How to run tensorflow inference for multiple models on GPU in parallel?

Apart from setting gpu memory fraction, you need to enable MPS in CUDA to get better speed if you are running more than one model on GPU simultaneoulsy. Otherwise, inference speed will be slower as compared to single model running on GPU.

sudo nvidia-smi -i 0 -c EXCLUSIVE_PROCESS
sudo nvidia-cuda-mps-control -d

Here 0 is your GPU number
After finishing stop the MPS daemon

echo quit | sudo nvidia-cuda-mps-control

OK. I think I've found the solution now.

I use tensorflow 2 and there are essentially 2 methods to manage the memory usage of GPU.

  1. set memory growth to true
  2. set memory limit to some number

You can use both methods, ignore all the warning messages about out of memory stuff. I still don't know what it exactly means but the model is still running and that's what I care about. I measured the exact time the model uses to run and it's a lot better than running on CPU. If I run both processes at the same time, the speed drop a bit, but it's still lot better than running on CPU.

For memory growth approach, my GPU is 3GB so first process try to allocate everything and then 2nd process said out of memory. But it still works.

For memory limit approach, I set the limit to some number e.g. 1024 MB. Both processes work.

So What is the right minimum number that you can set?

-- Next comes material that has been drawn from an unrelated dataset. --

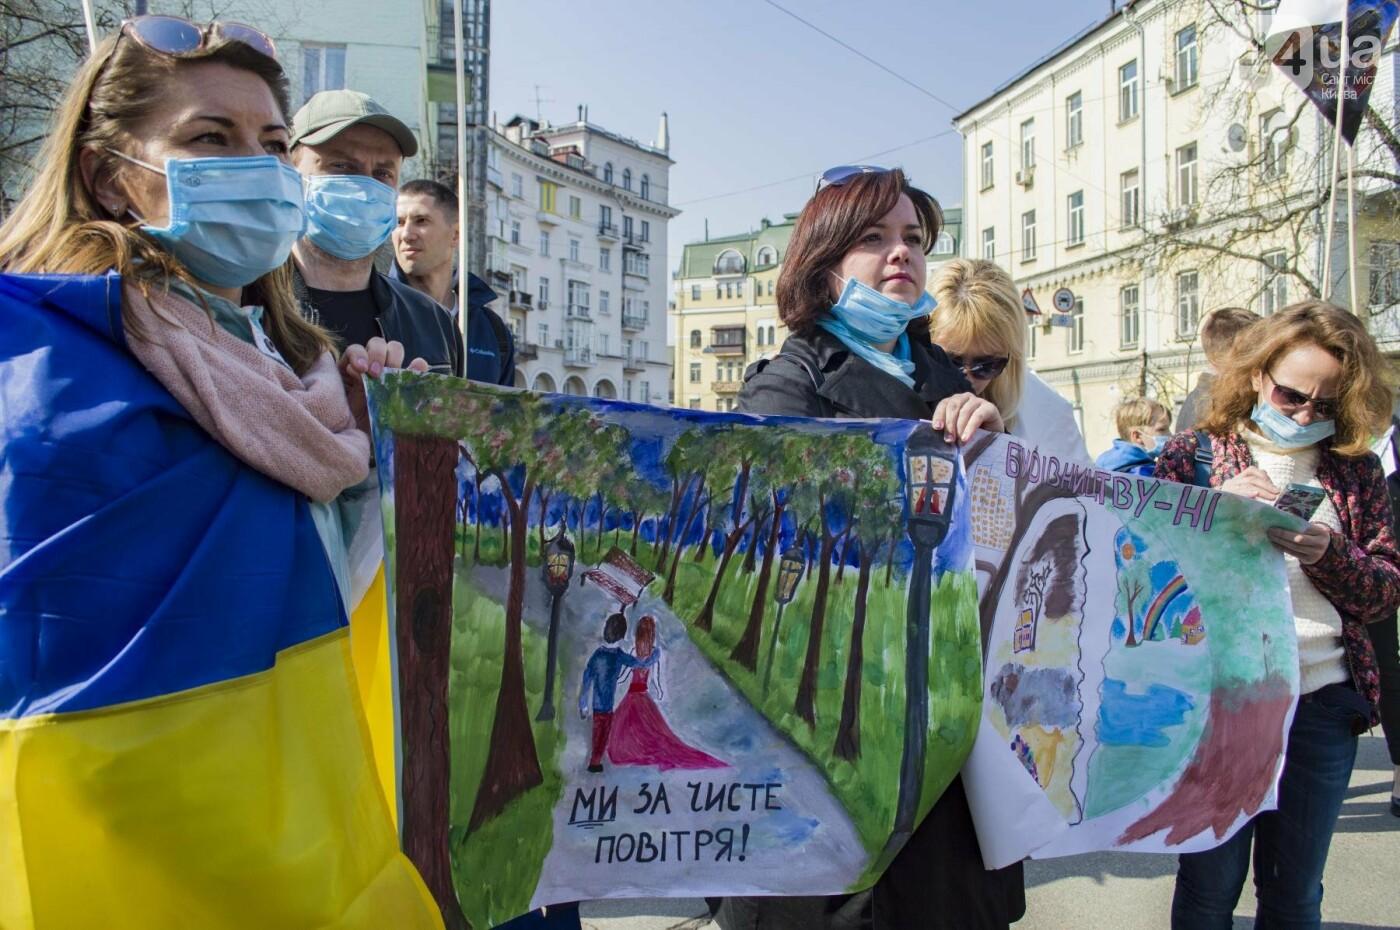 Под Киевом вместо школы хотят построить многоэтажку: жители вышли на митинг, фото-10

I tried reducing the memory limit until I found that my model works with 64 MB limit fine. The prediction speed is still the same as when I set the memory limit to 1024 MB. When I set the memory limit to 32MB, I noticed 50% speed drop. When I set to 16 MB, the model refuses to run because it does not have enough memory to store the image tensor. This means that my model requires minimum of 64 MB which is very little considering that I have 3GB to spare. This also allows me to run the model while playing some video games.

Conclusion: I chose to use the memory limit approach with 64 MB limit. You can check how to use memory limit here: https://www.tensorflow.org/guide/gpu

I suggest you to try changing the memory limit to see the minimum you need for your model. You will see speed drop or model refusing to run when the memory is not enough.